One of the things that will keep you from the finish line is that you'll have a cool idea, but think, "oh, this means I have to go back and restructure some things to make this work, but I like this so much I want to make it work, so let's..." and you pick up the shovel and your enthusiasm falls out of your butt.
Don't stop your forward momentum. If your new idea requires rewrites of earlier material, take a few sentences of notes in the alternate document of "project_revision_ideas.txt", just to get the idea out of your head. Then, continue as you were, with the assumption that the work has already been done, the past has already been corrected. If you know where you are and where you are going, you can trust the past to explain itself later; do not go back to it and kick cans around while you still have work to do in the moment of the story. A great advantage of this technique is that when the time does come for you to gird your loins for the next draft, why look, you already have what's basically a roadmap to the weak spots. As an optional aside to this:


You might be amazed at the power of this technique: when something is obviously not quite right, but difficult or impossible to make right at this very moment... write FIX THIS next to it and make it bright pink and bold. Then move on to the next paragraph and keep going. If you move far enough ahead, the next time you open the manuscript and see that, you'll be like, oh, right, and do a sentence or two that writes out your original half-assed flailing at an idea and replaces it with an actual idea that you worked out below in the meantime. This is preferable to spending hours banging your head on this one part because it had to be just right just then. Colors, shapes, pictures or links to pictures: if you can't the words you want on paper, it's OK to just put down a signpost or a reference, as long its clear enough that you'll know what it means later.
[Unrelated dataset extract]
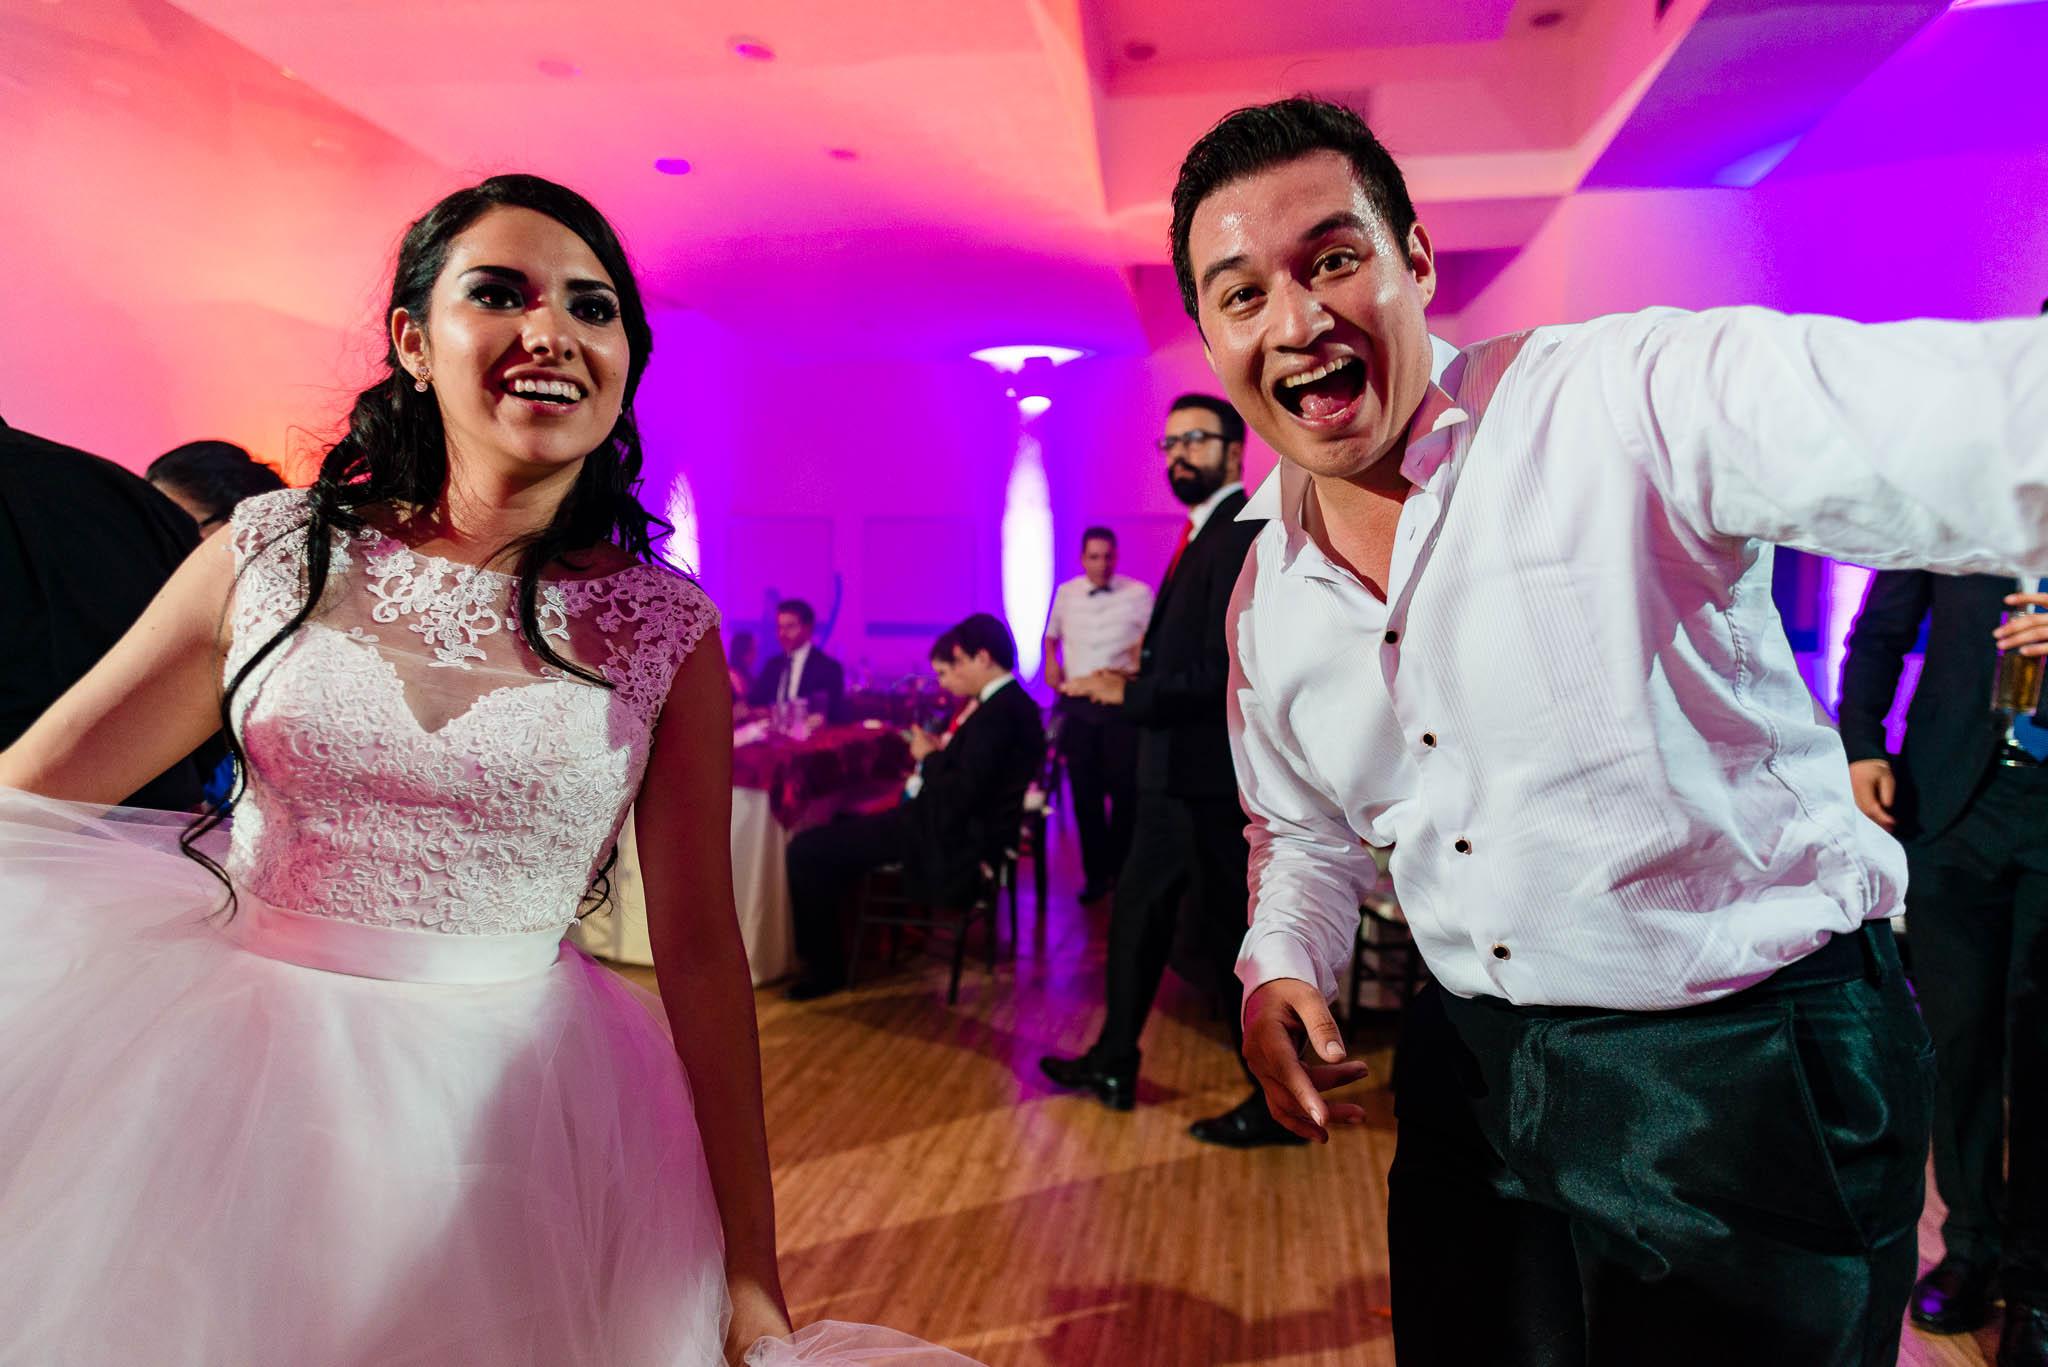 fotografo de bodas san luis potosi boda mexico wedding destination fotos de boda 317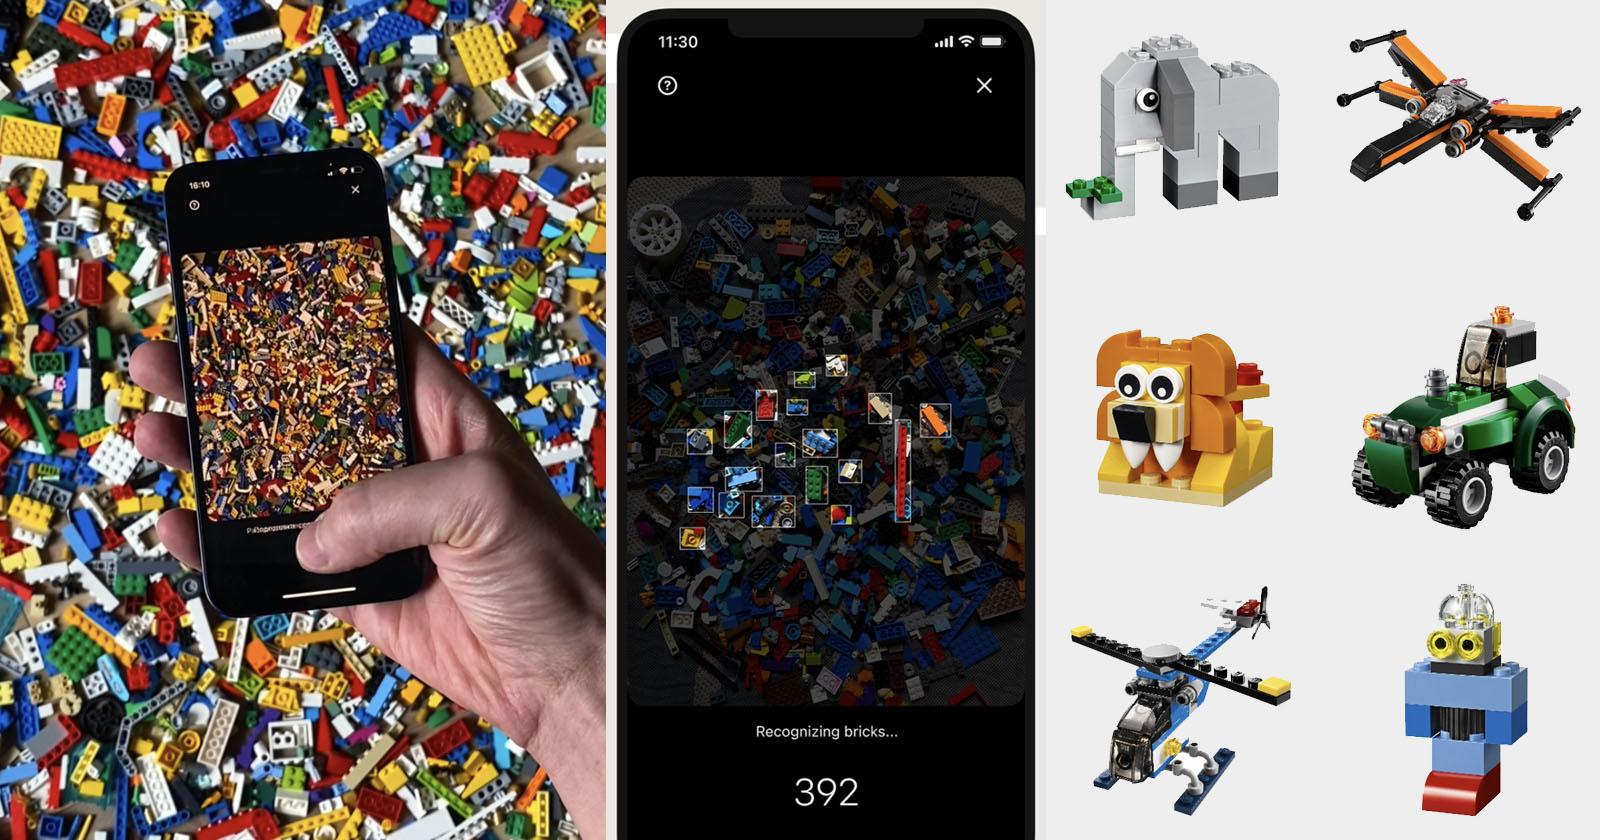 Obrazek przedstawia zrzuty ekranu z aplikacji Brickit.

This is a technique stolen from programming, where early code is studded with TODO and HACK FIX THIS. Don't let contemplation of tomorrow's work keep you from doing today's.


Making a complete first draft is like passing a god damned kidney stone, you definitely don't want to go back into that bathroom for at least a little while. However, whatever indexing, appendixing, formatting, and bow-wrapping details your particular project requires still stand between you and rung zero, which is the first person who is going to read it and tell you it sucks. Don't be passing around raw unformatted files of rambling text. You don't buttonhole people on the street and yell at them unceasingly, do you? Have some manners. Respect the potential person whom you are asking to read your work by presenting them with something that is not visually worse than what they already have to read during the course of the day. Going back over your work in various ways just to make it more visually presentable is a necessary part of finishing, and if you've already adopted a grim death march attitude by three quarters through your first draft, you are just not going to have the stomach for it. As you near the end, anticipate what you are going to need to do so it's not a surprise, and recognize that writing THE END doesn't mean you can run out into the street with it. BUT, heed the corollary:


More generally: don't do anything during a draft that could potentially result in multiple conflicting versions of a draft. If you catch yourself copying draft text from one program to another, slap yourself. How many problems are you trying to cause for yourself here? Seriously? You want to spend hours reconciling multiple versions of a second or third draft?
You can do pretty stuff between drafts. If you started in a spiral notebook, finish the draft in the damn notebook. If you started on a PC, finish on a PC and do the next draft on your new Mac or whatever. Never split a draft.
The reason this happens is because writing requires you to switch between states of intense concentration and kind of mind-wandering states, and it's gratifying in a masturbatory way to idly reformat your draft. You are walking down the devil's path if you do this. Find something else to do while daydreaming. I hear some people enjoy Sudoku.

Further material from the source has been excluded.